Senin pagi bukan suatu hal yang menyenangkan bagi sebagian orang. Hari dimana memulai kembali setiap pekerjaan setelah libur di hari Minggu. Kala menyambut Senin paginya dengan perasaan kurang menyenangkan. Seluruh badannya terasa sakit, beberapa persediannya membengkak. Ruam yang berada di badannya pun semakin terlihat mengenaskan.
"Gue kecapekan deh ini, sumpah badan sakit banget mau remuk." Racaunya sembari memperhatikan sebagian tubuhnya.
Waktu sudah menunjukkan pukul setengah enam pagi. Mau tidak mau Kala harus beranjak dari tempat tidur, ia harus bersiap untuk berangkat sekolah pagi ini.
Selesai bersiap, Kala sudah menemukan Juna, Jian beserta kedua orang tuanya duduk di meja makan. Papa membaca koran kemudian Mama menyiapkan sarapan, Juna dan Jian terlihat tengah membaca buku.
"Pagi...," ucap Kala setelah berada di sisi tempat duduknya.
"Pagi sayang," Dhika tersenyum, ia menemukan wajah kuyu putrinya kemudian sedikit mengernyit. "Kamu sakit?"
Kala mengernyitkan wajahnya. "Nggak kok, Pa. Baik-baik aja."
"Kemarin begadang?" Kali ini Ariana ikut menimpali sembari ia meletakkan beberapa helai roti ke atas piring semua orang yang ada di meja makan.

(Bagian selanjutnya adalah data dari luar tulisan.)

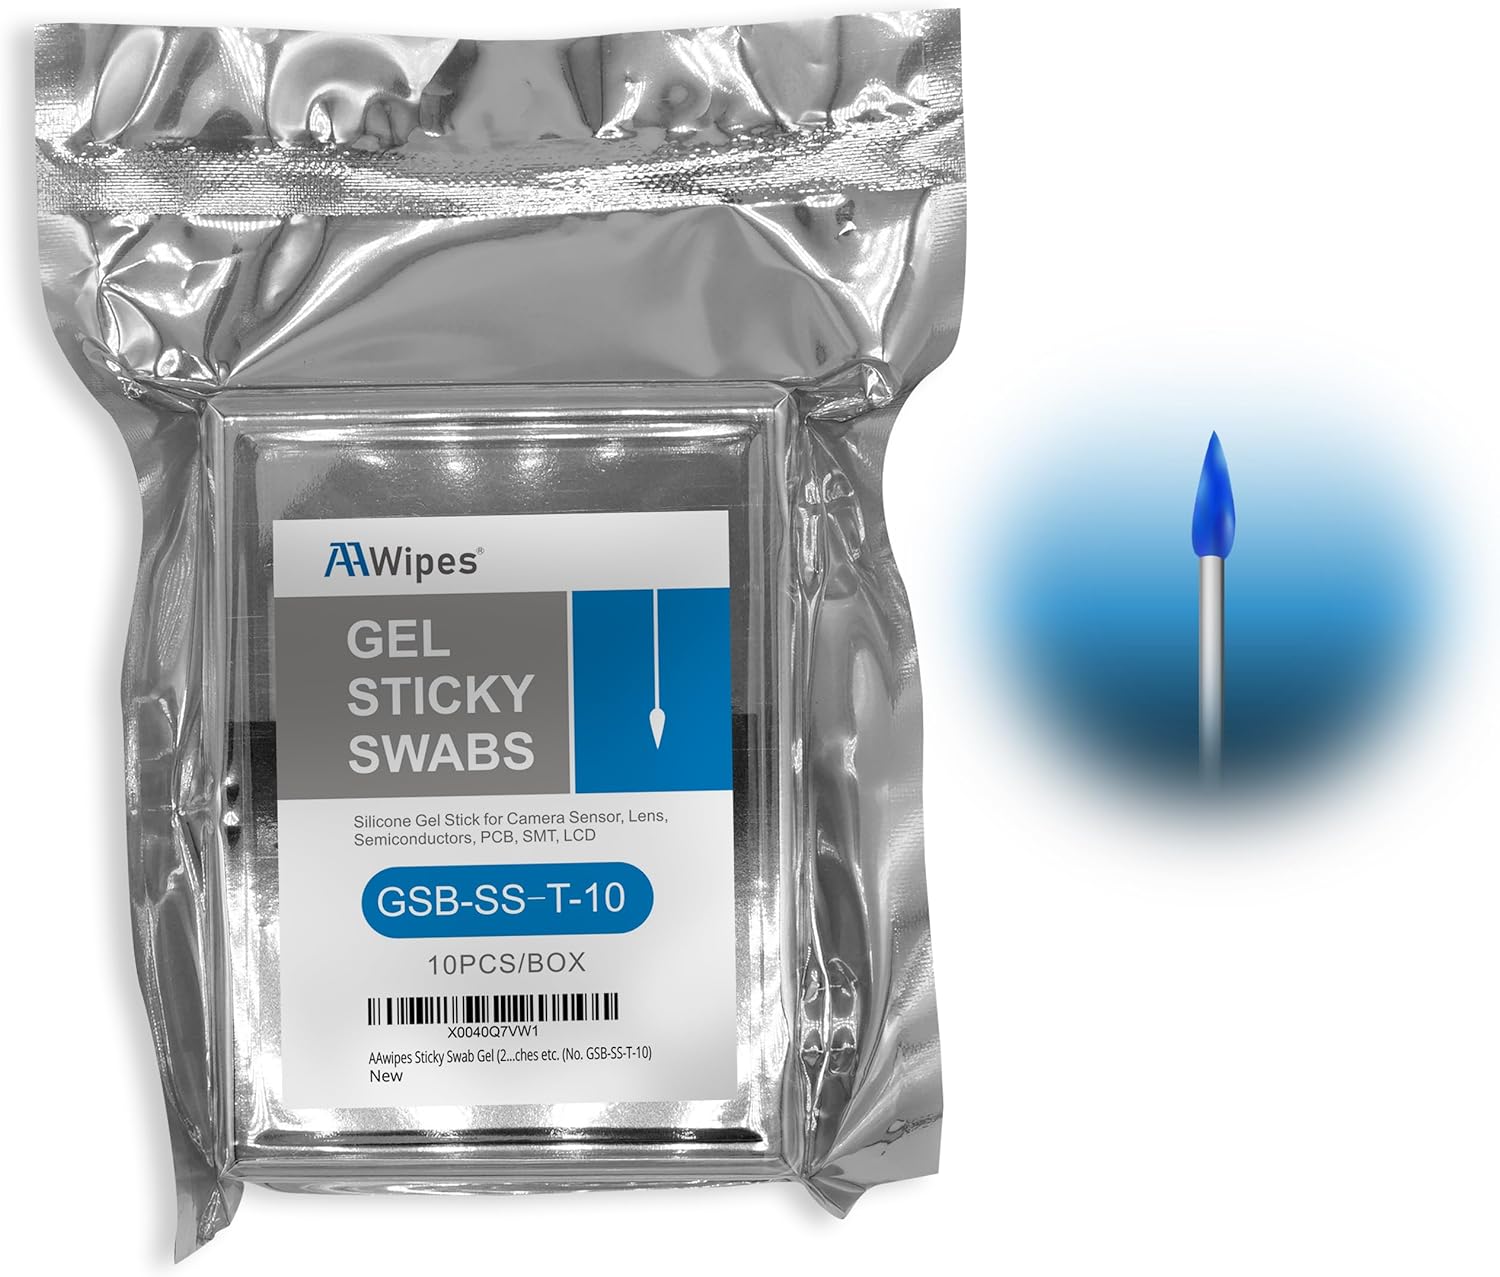 AAwipes Sticky Swab Gel (2.0 mm/0.08 inch Tipped Head, 100Packs Blue) Sticky Pen Silicone Gel Stick for Camera Sensors, LCD, Semiconductors, PCB, SMT & Watches etc. (No. GSB-SS-T-100)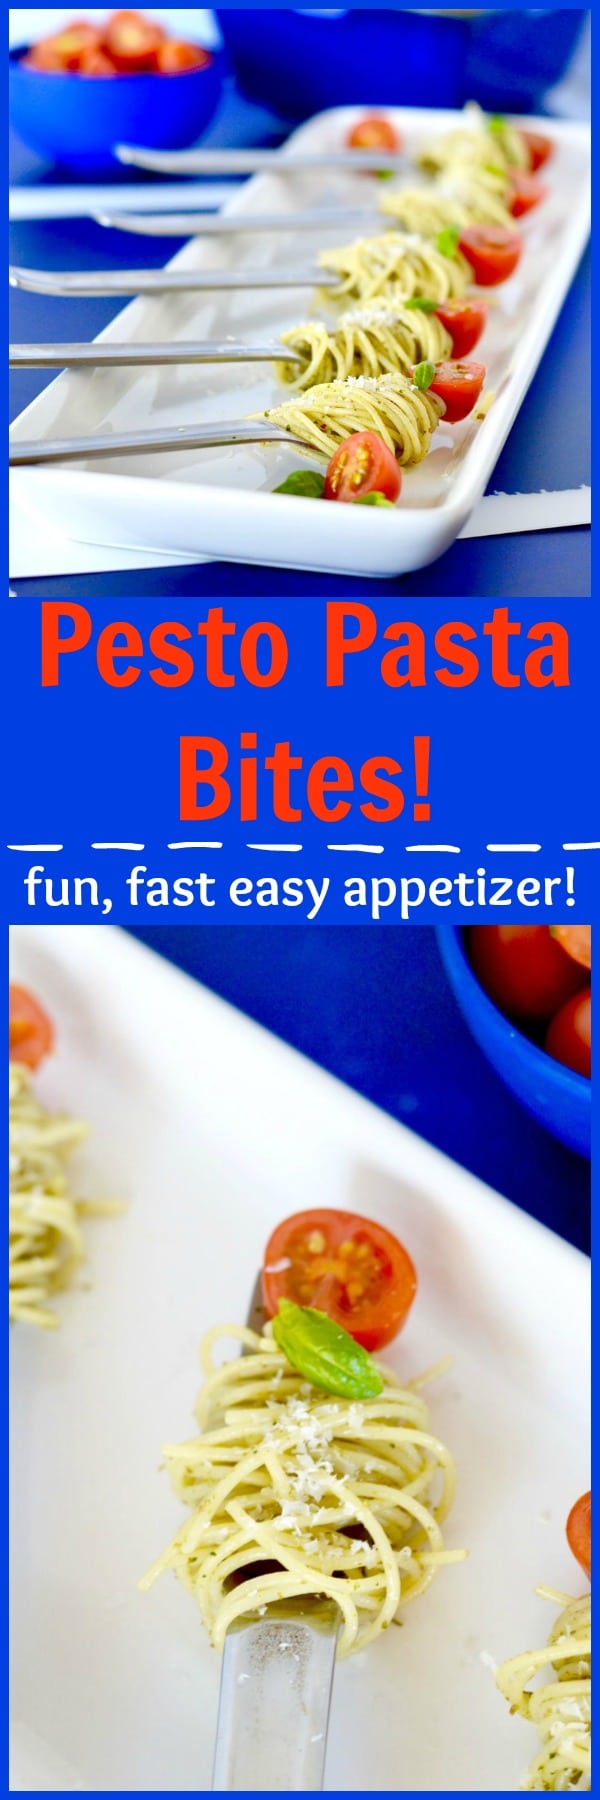 Simple to make, packed full of flavor, this recipe for Pesto Pasta Bites is a cute way to serve pasta as an appetizer! (And you can make it ahead too!)

"Nggak kok, Ma. Kala kecapekan aja kayaknya, soalnya udah lama nggak pernah olahraga kan. Eh, kemarin diajak Diandra lari pagi."
Mama hanya mengangguk. "Kaget tu badan, makanya sering gerak." Juna ikut berkomentar. Kemudian Kala melirik ke arah Jian, lelaki itu masih setia dengan buku bacaannya tidak berminat untuk melengkapi pembicaraan pagi ini.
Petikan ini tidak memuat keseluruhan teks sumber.